Selecting GPUs

Selecting a GPU is useful when you need to use a certain GPU model that meets your research requirement. There are two methods to select GPUs in your batch job script as shown below.

Note

If the resource you have requested is being used, your job will be placed in a queue until that resource is avilable.

Method 1

In the scenario where it's compulsory for the job to use a certain GPU, use the #SBATCH --constraint= parameter in the job submission script.

Example —

#SBATCH --output=%u.%j.out          # Where should the log files go?
                                    # You must provide an absolute path eg /common/home/module/username/
                                    # If no paths are provided, the output file will be placed in your current working directory
#SBATCH --requeue                   # Remove if you are not want the workload scheduler to requeue your job after preemption
#SBATCH --constraint=a40            # This tells the workload scheduler to provision you a40 nodes 
################################################################
## EDIT AFTER THIS LINE IF YOU ARE OKAY WITH DEFAULT SETTINGS ##
################################################################

Method 2

In the scenario where it's optional for the job to use a certain GPU, use the ##SBATCH --prefer= parameter in the job submission script. If the requested resource is unavailable, other resources will be assigned to the job.

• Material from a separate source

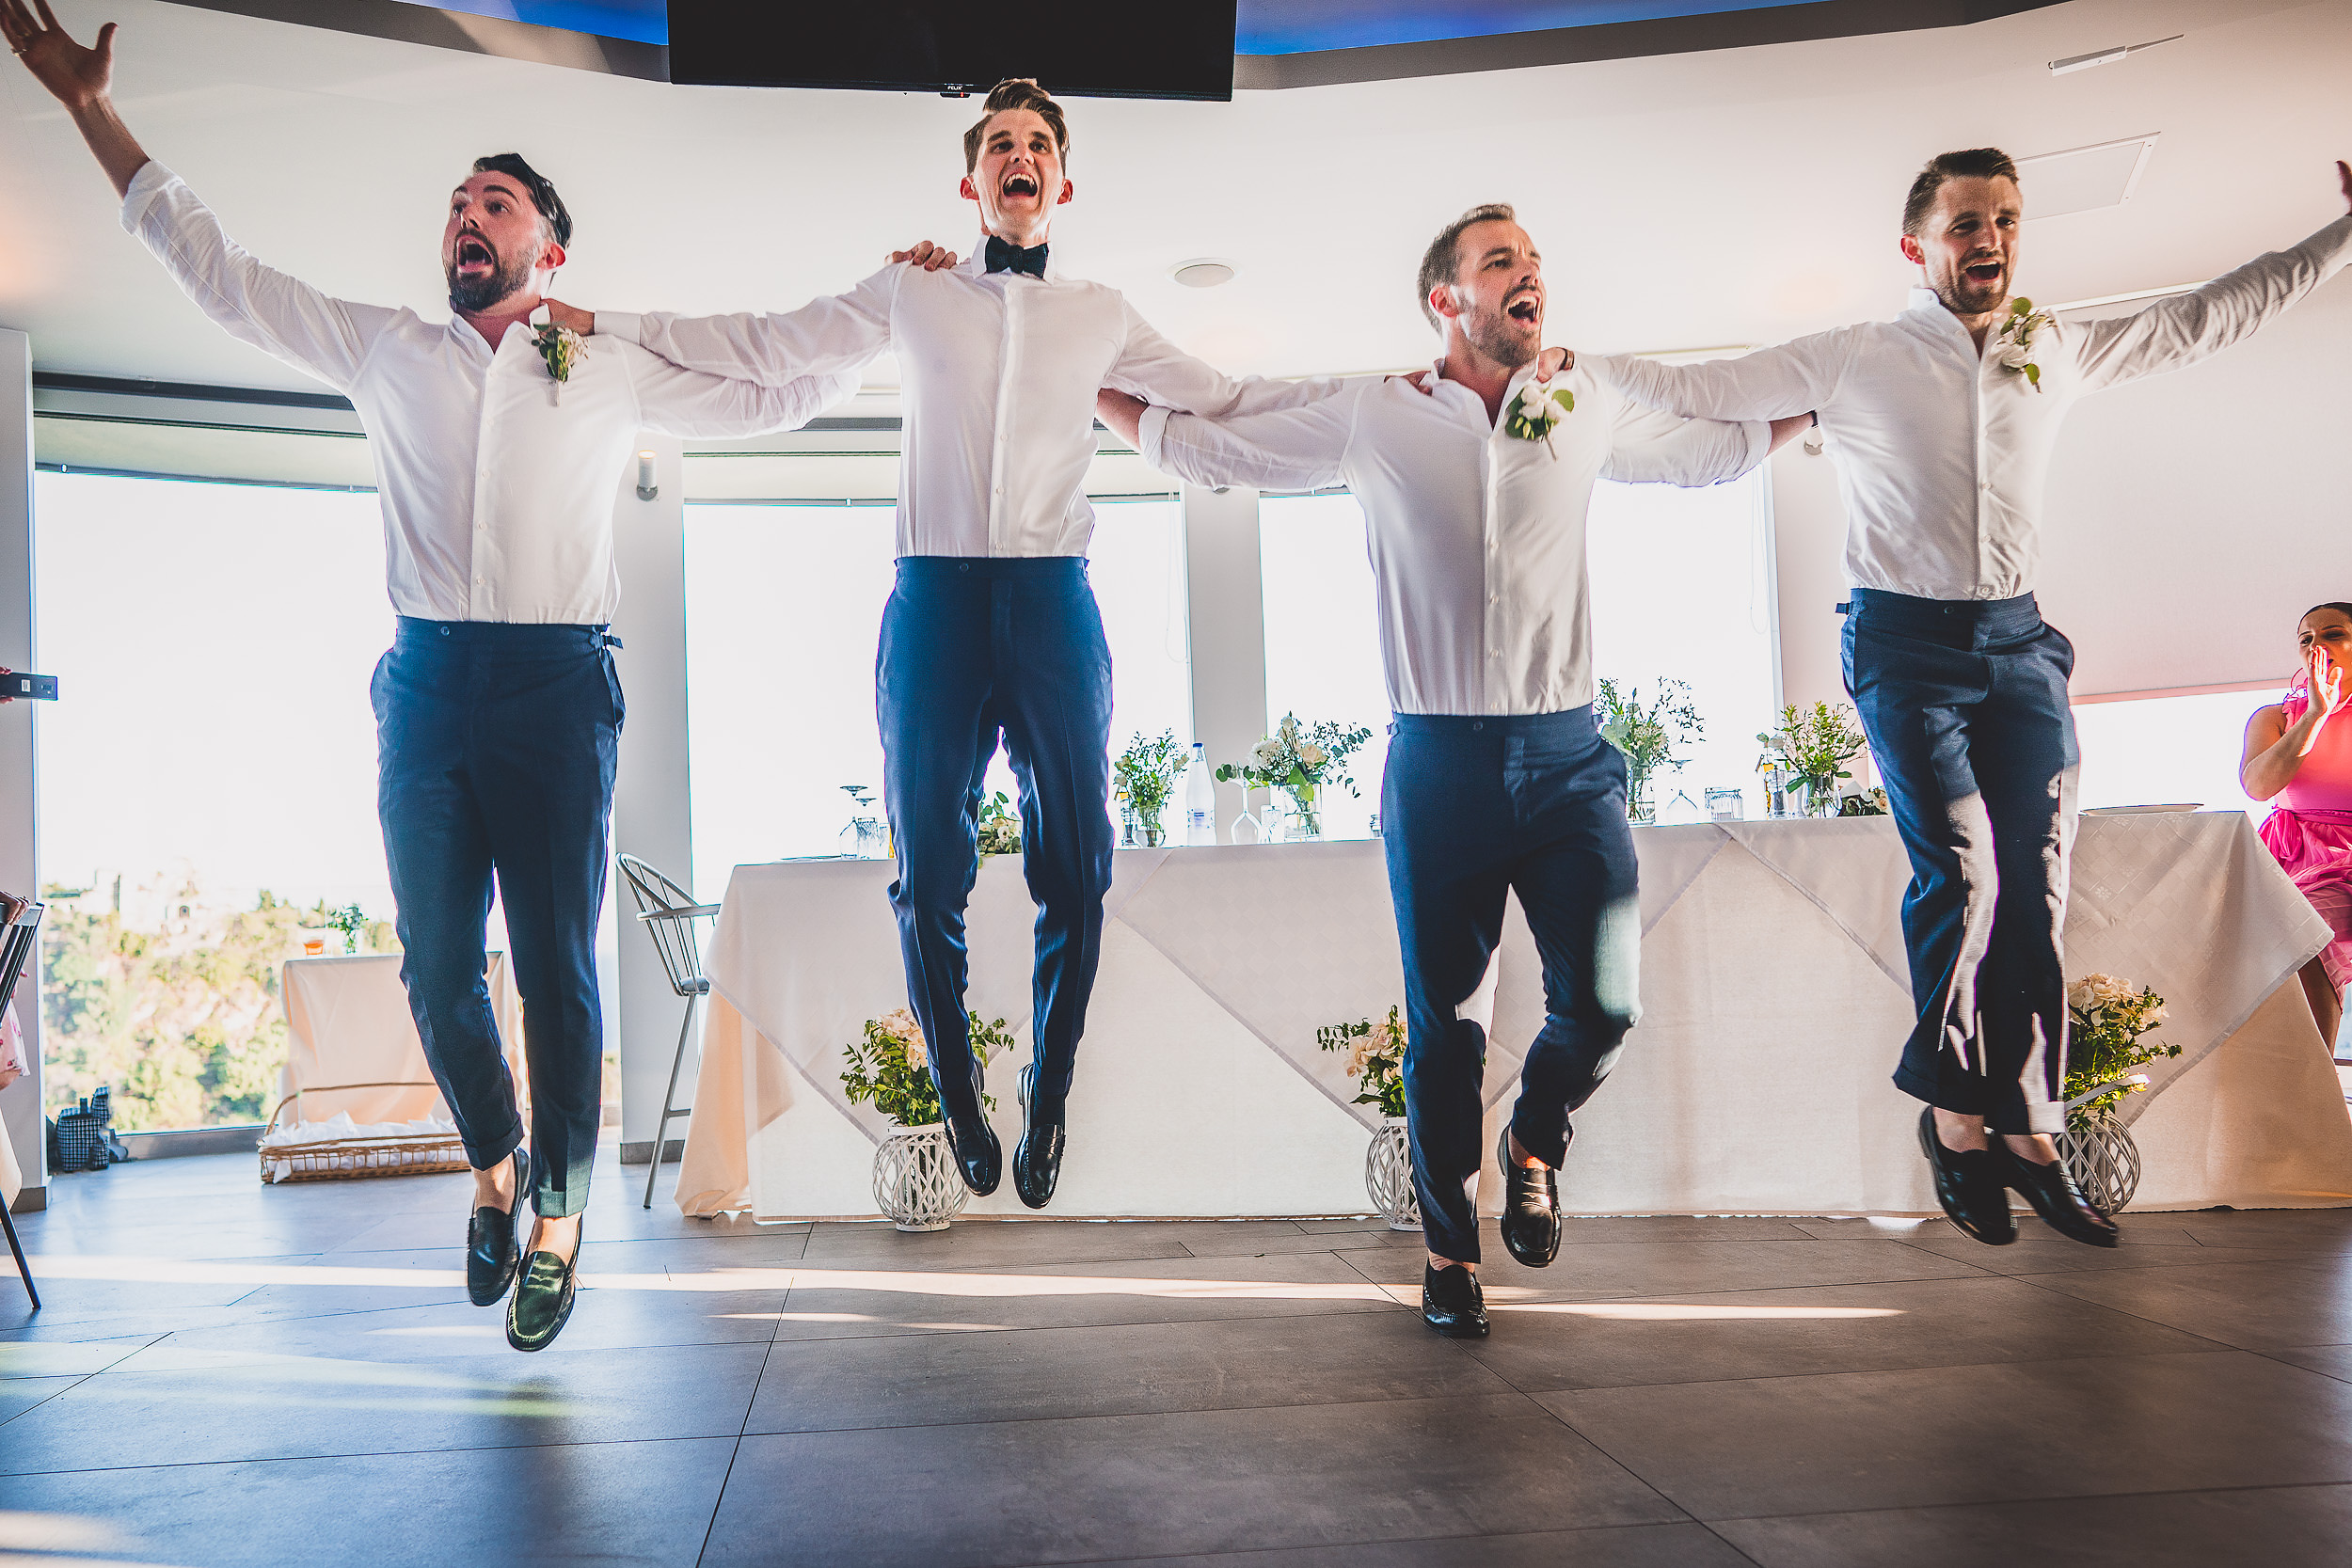 Groomsmen's joyful leap during wedding celebration.

#SBATCH --output=%u.%j.out          # Where should the log files go?
                                    # You must provide an absolute path eg /common/home/module/username/
                                    # If no paths are provided, the output file will be placed in your current working directory
#SBATCH --requeue                   # Remove if you are not want the workload scheduler to requeue your job after preemption
#SBATCH --prefer=a40                # This tells the workload scheduler to provision you a40 nodes at a best effort basis 
################################################################
## EDIT AFTER THIS LINE IF YOU ARE OKAY WITH DEFAULT SETTINGS ##
################################################################

Using operators

You can use operators such as | (or) & (and) to define the type of GPU resources that your job requires. For example, your job requires either a H100 or H100 NVL GPU for your job.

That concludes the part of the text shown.